All of the data below should be repeated exactly. Pictures should not be included.

▸ Stored data:
◆ ◆ ◆
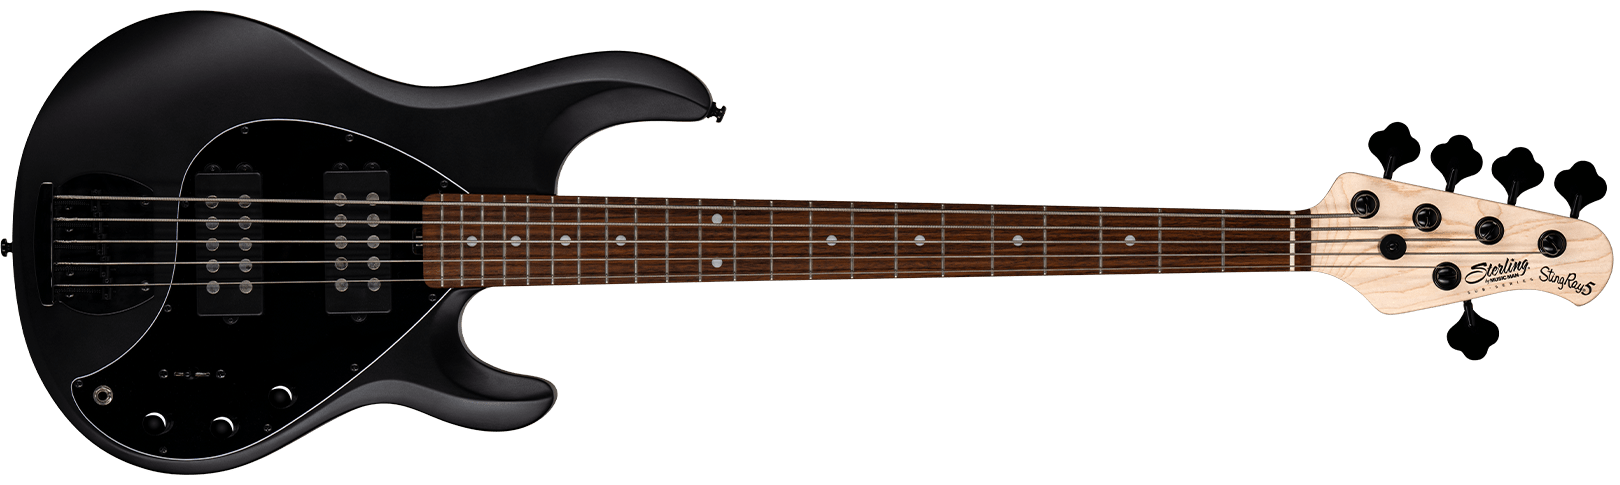 The StingRay Ray5HH bass in Stealth Black front details.
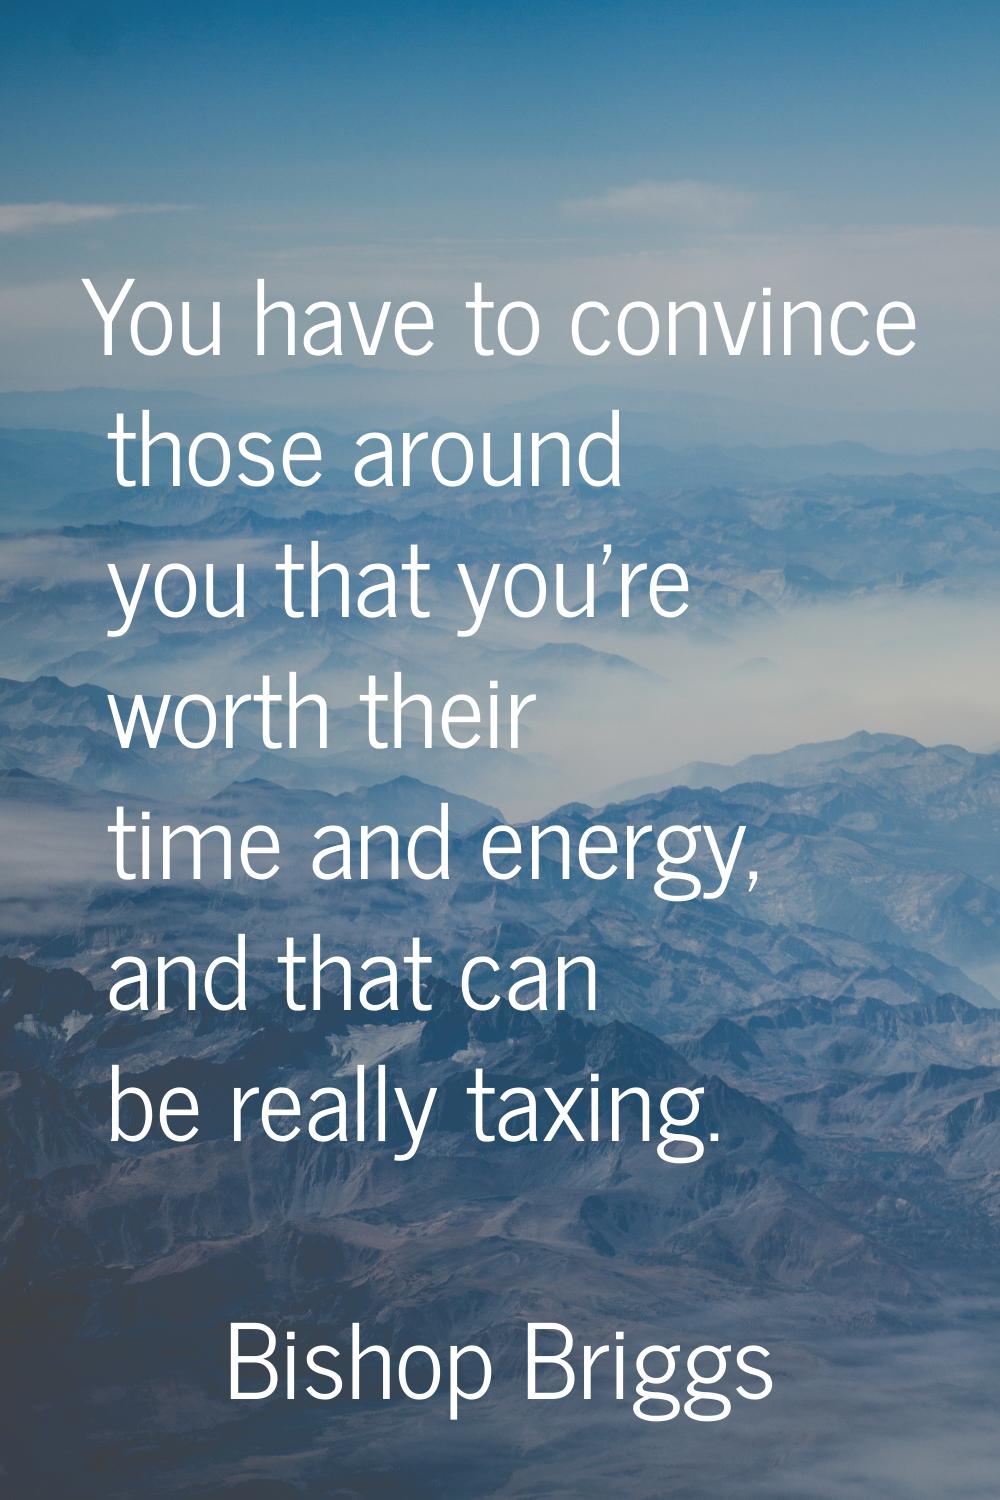 You have to convince those around you that you're worth their time and energy, and that can be real
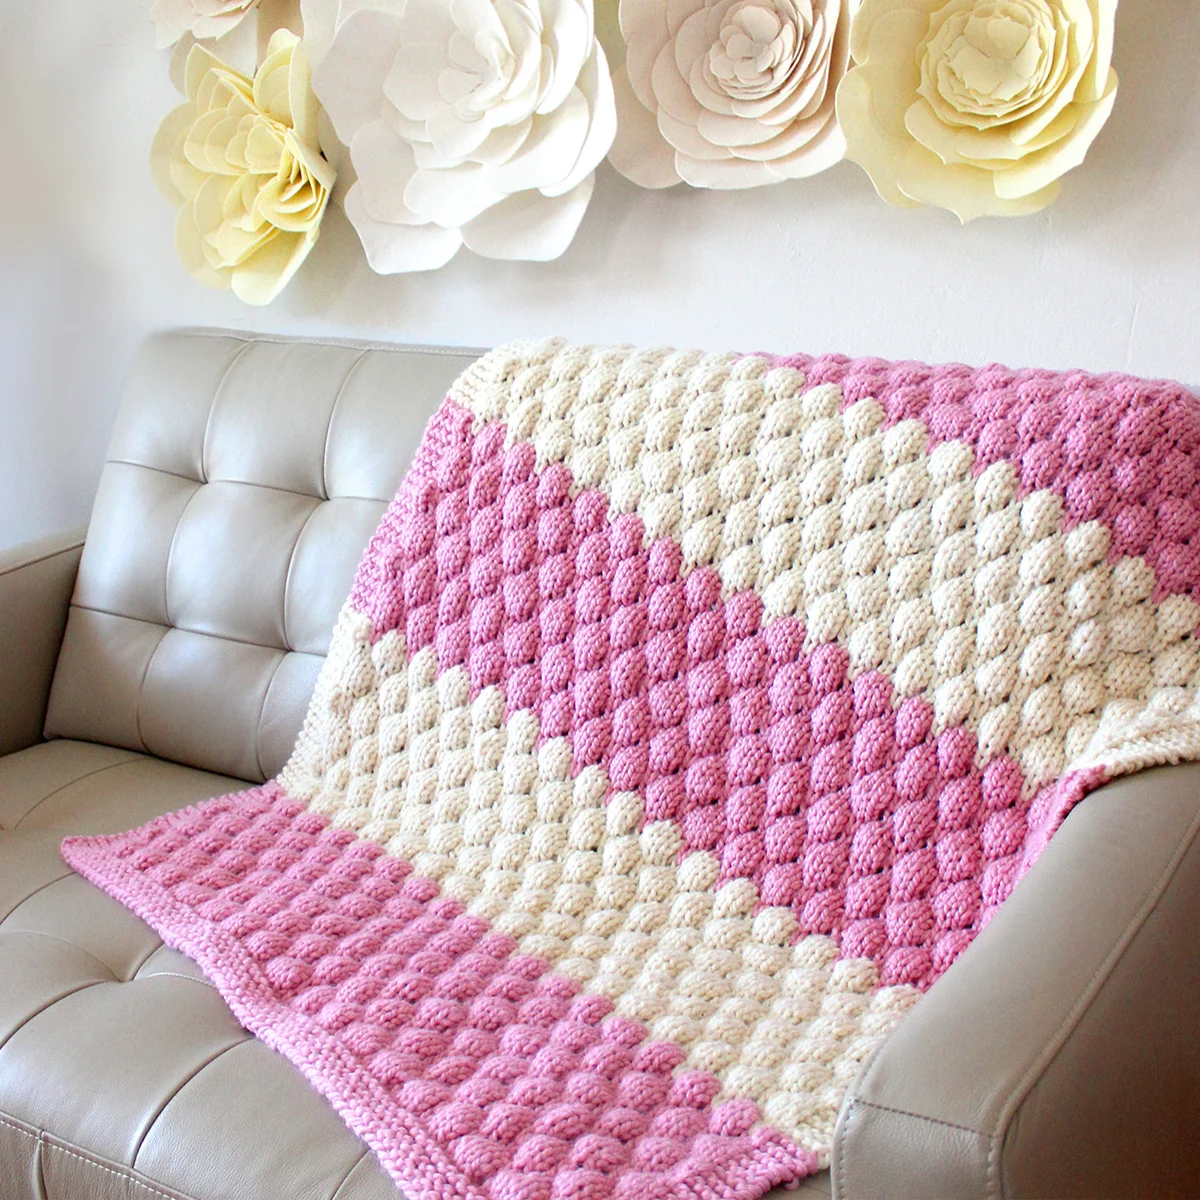 Knitted Bubble Stitch Blanket in pink and white yarn colors on a couch and felt flowers on the wall.
◆ ◆ ◆
▸ Task output:
 The StingRay Ray5HH bass in Stealth Black front details.
 You have to convince those around you that you're worth their time and energy, and that can be real
 Knitted Bubble Stitch Blanket in pink and white yarn colors on a couch and felt flowers on the wall.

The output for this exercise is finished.